Edward Flatau urodził się 27 grudnia 1868 r. w Płocku. Tu ukończył gimnazjum i stąd w 1886 r. wyruszył na studia lekarskie w Uniwersytecie Moskiewskim. W czasie studiów dawał liczne dowody swego talentu. Największy wpływ wywarło na nim dwóch znakomitych uczonych rosyjskich: neuropatolog prof. Aleksiej J. Kożewnikow (1836-1902), autor licznych prac z zakresu neurologii, w szczególności afazji epilepsji oraz prof.

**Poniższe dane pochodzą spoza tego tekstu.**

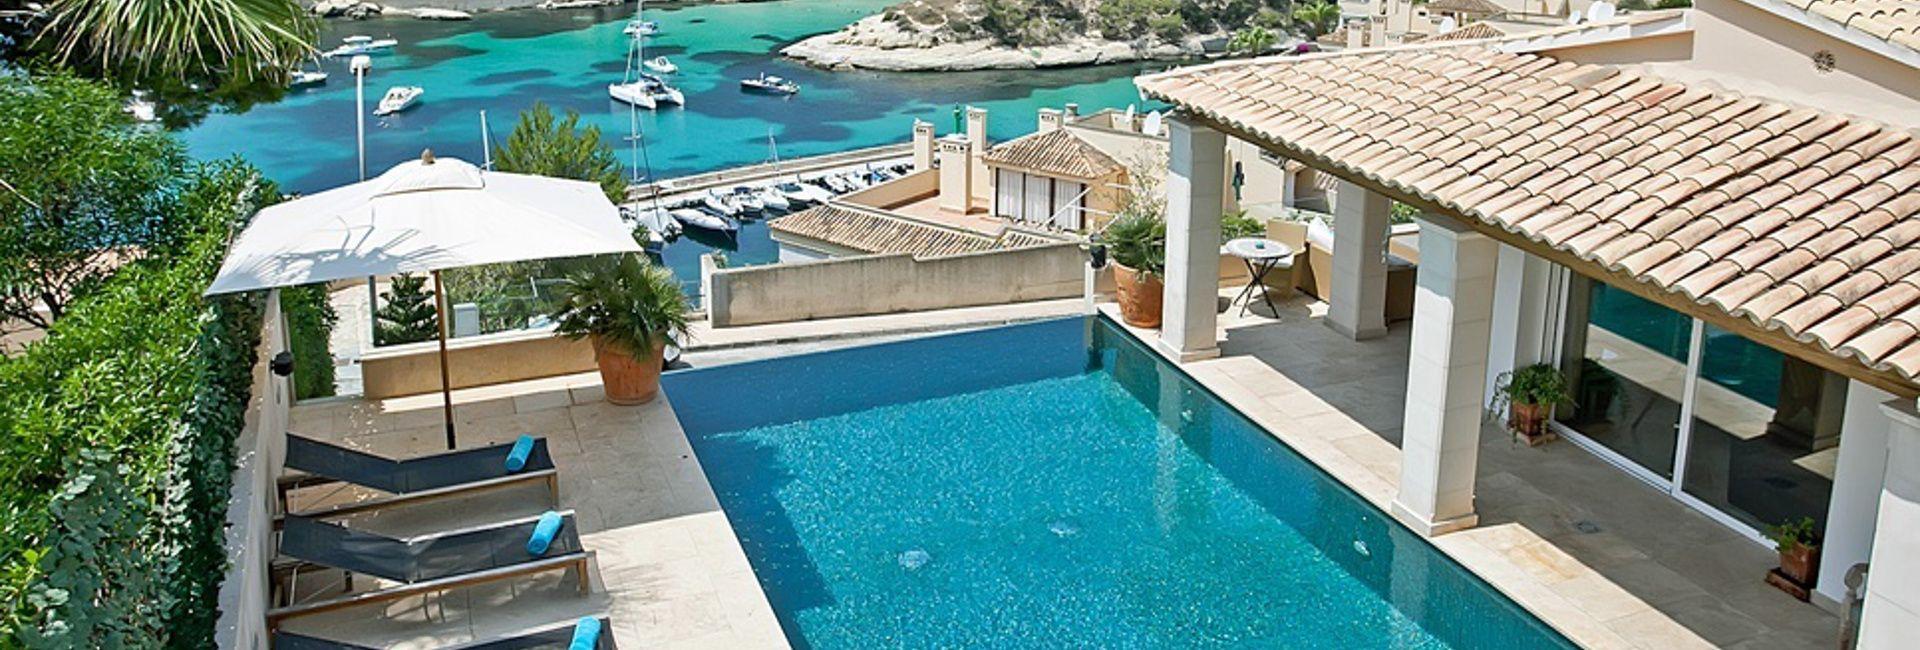 Haus Kaufen Mallorca El Toro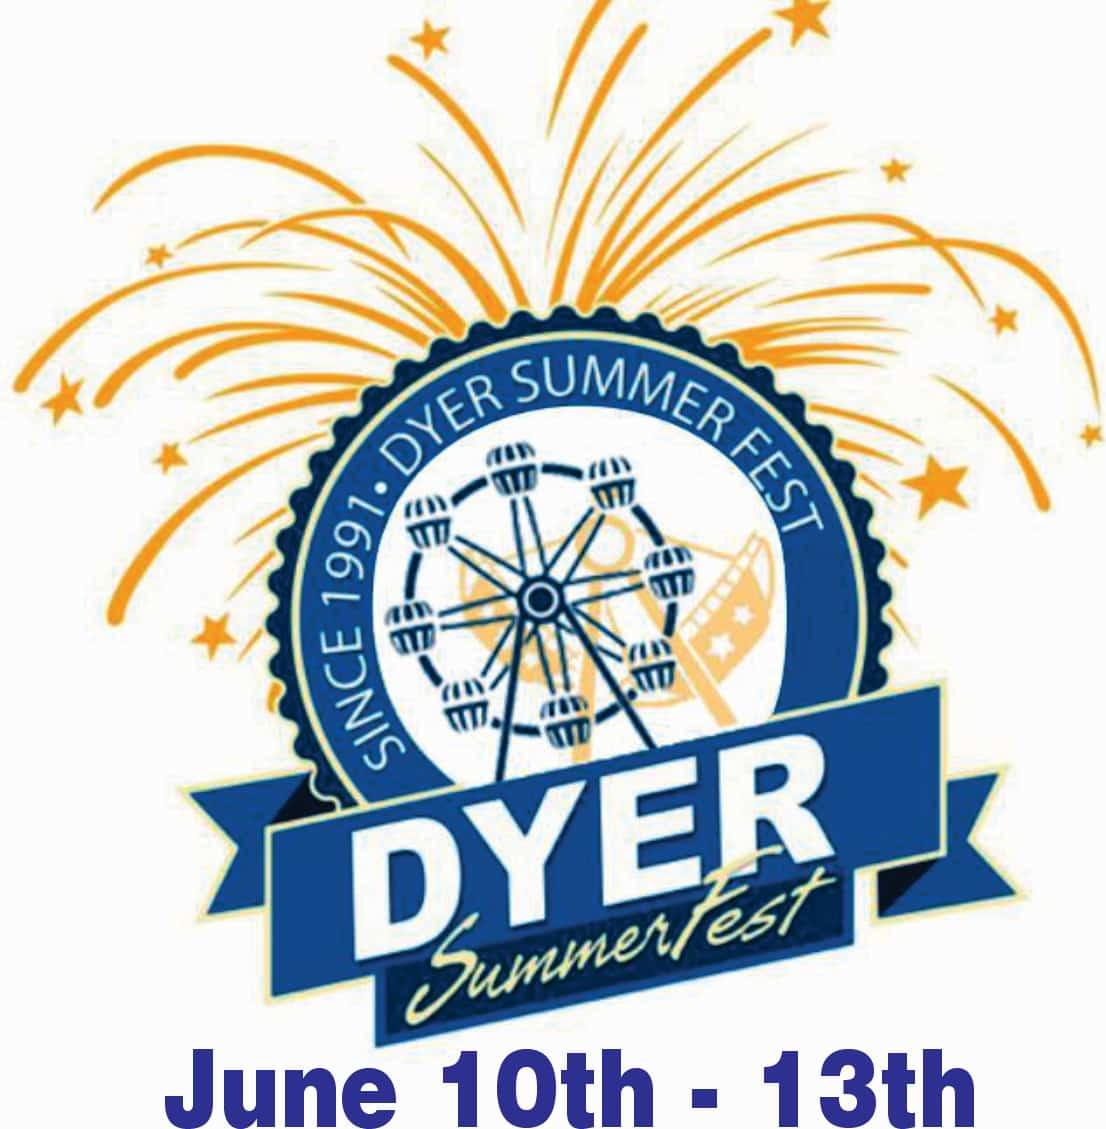 dyer summerfest 2021

Siergiej S. Korsakow (1854-1900), psychiatra, który wprowadził nowoczesne metody leczenia i pielęgnowania psychicznie chorych, opisał zespół objawów z niepamięcią i omamami powstającymi na tle organicznego schorzenia mózgu lub alkoholicznego zapalenia nerwów. W roku 1892 Edward Flatau uzyskał dyplom lekarza, a w rok po ukończeniu studiów udał się do Berlina, aby tam pogłębić wiedzę z anatomii, histologii i anatomii patologicznej układu nerwowego. W Berlinie szczęśliwy los zetknął go z gronem wybitnych uczonych, którzy otoczyli go prawdziwą opieką i przyjaźnią.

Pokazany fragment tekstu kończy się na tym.